When the kids were little, and by little I mean when I had ‘two under two’, it was hard going. I suffered from mastitis (“don’t worry about the blood, it’s not affecting the baby”!); I suffered from going stir-crazy living in a too small flat.
I probably also suffered from postnatal depression, although that was never confirmed.
For some inexplicable reason, this also became the time for studying – the husband for professional accreditation, and I undertook post graduate studies.
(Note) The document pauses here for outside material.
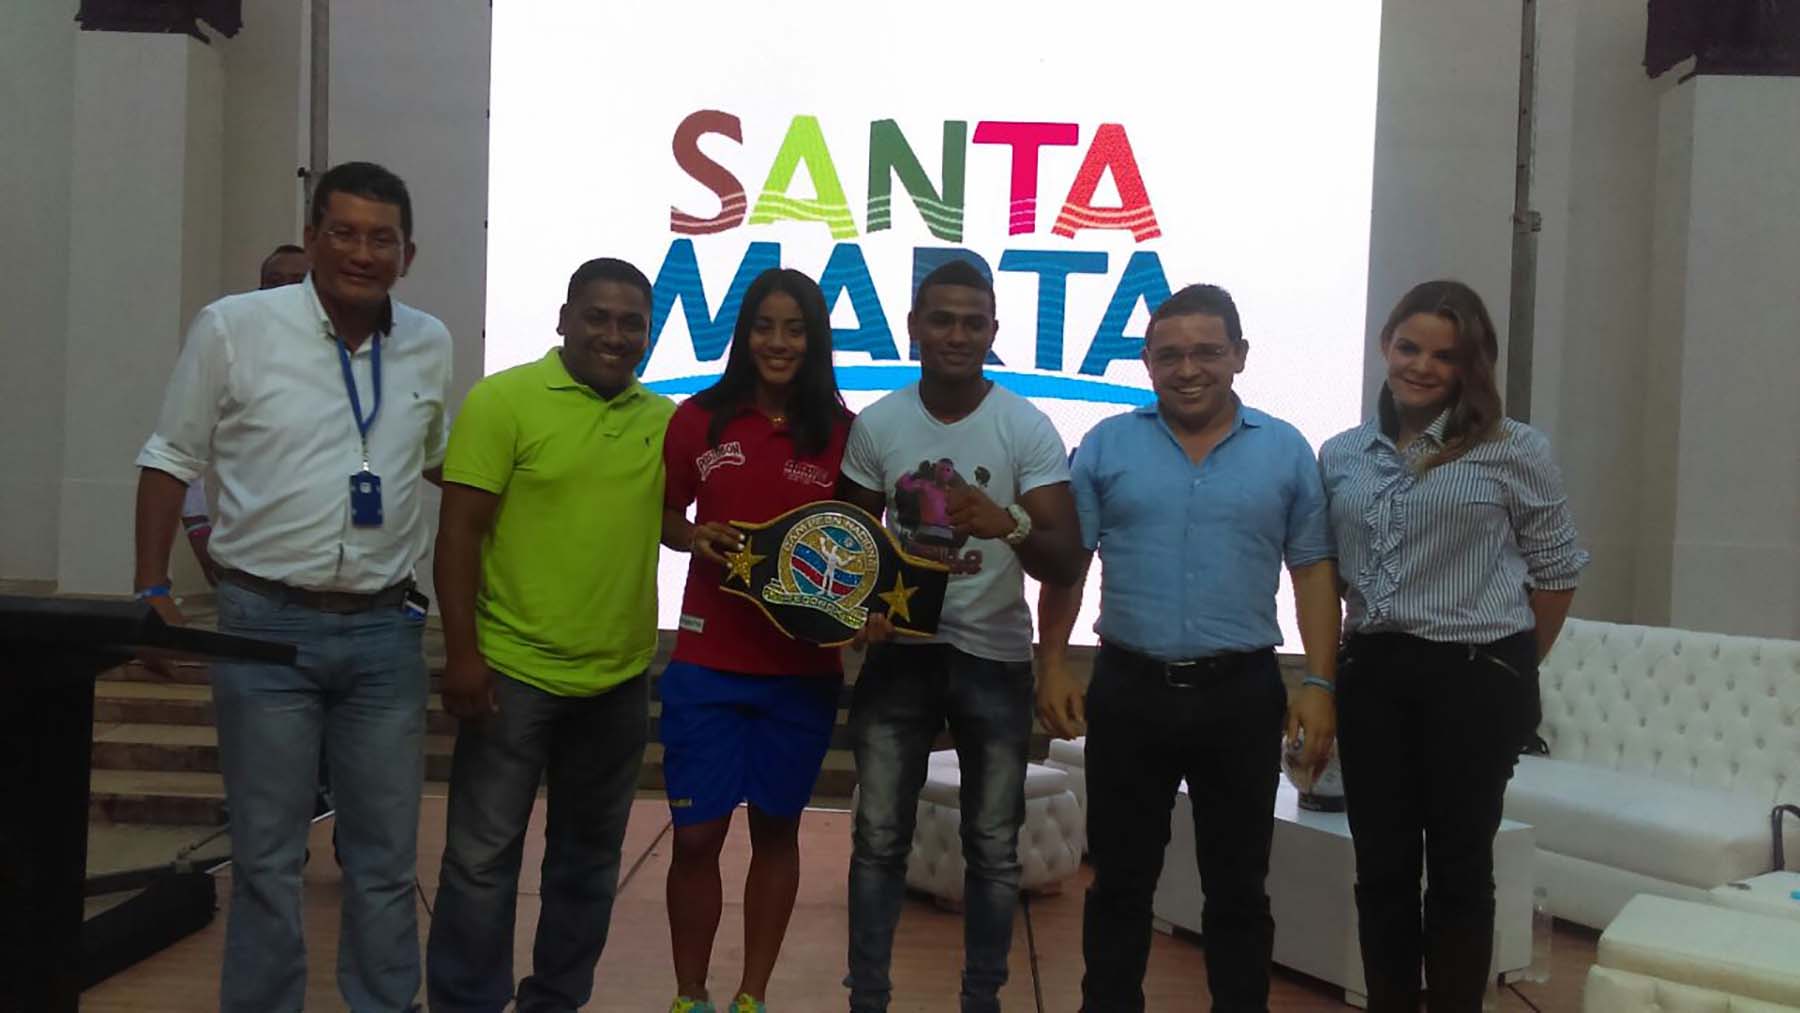  Rubén Cervera, Kerstinck Sarmiento, Gary Parejo, fueron los deportistas destacados que participaron del acto en la Quinta de San Pedro Alejandrino.
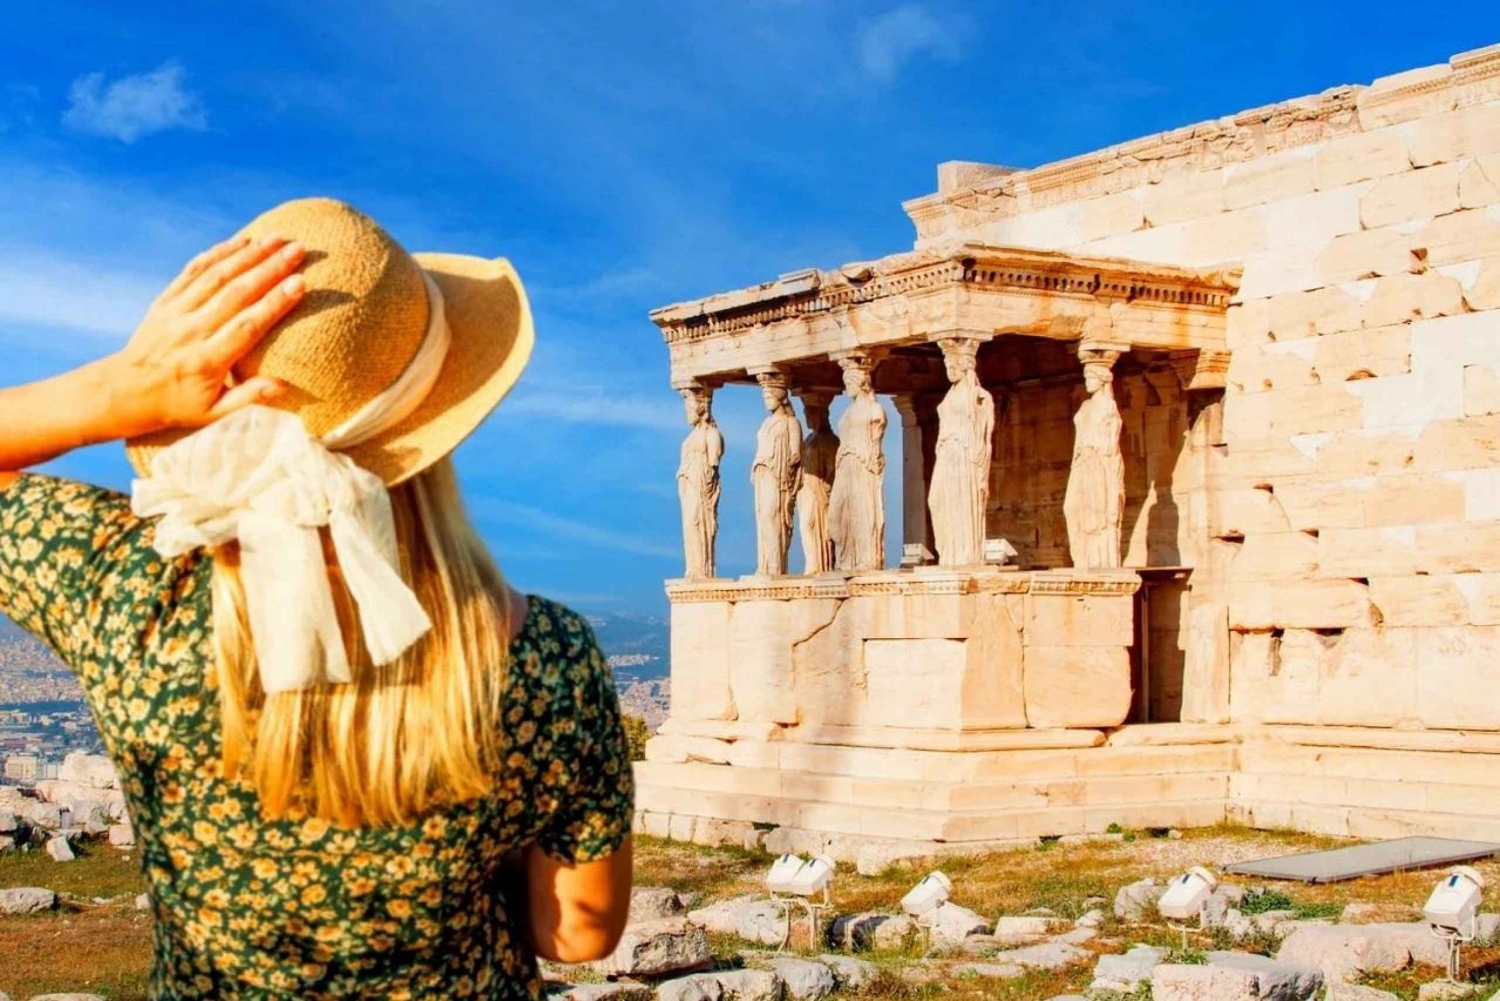 Ateenan parhaat nähtävyydet, Akropolis, ruoka- ja viinikierros yhdessä ja samassa kohteessa

In a nutshell, life was super-busy and super-hard.
It felt like I had entered some kind of vortex, and it seemed as if it would be years before I could hope to come out the other side.
This is when ‘they’ told me that despite all the rush and hard work, I needed to make sure I took time to enjoy the children.
To try not to wish they would hurry and grow up.
For all too soon, so they said, the children will be teenagers and not wanting a bar of me.
And it will have all gone by in what seems like the blink of an eye.
I think I might finally understand what ‘they’ mean.
Please don’t get me wrong. In all honestly, it does not feel as if every minute of the last 12 years or so have flown by.
There has been days, perhaps more than a handful, when I have locked myself in my bedroom during the ‘witching hour’. Glass of vino in hand I have wondered aloud when was life going to get easier.
But yesterday I was handed a taste of the future when life does get easier – and I am not sure I want this reality after all.
My daughter turns thirteen soon and is nearing the end of year 7, her first of high school.
With every passing week we have seen less of our ‘little girl’ and more of the young woman she is becoming.
I remember reading once that every day after your children are born, they start taking steps away from you.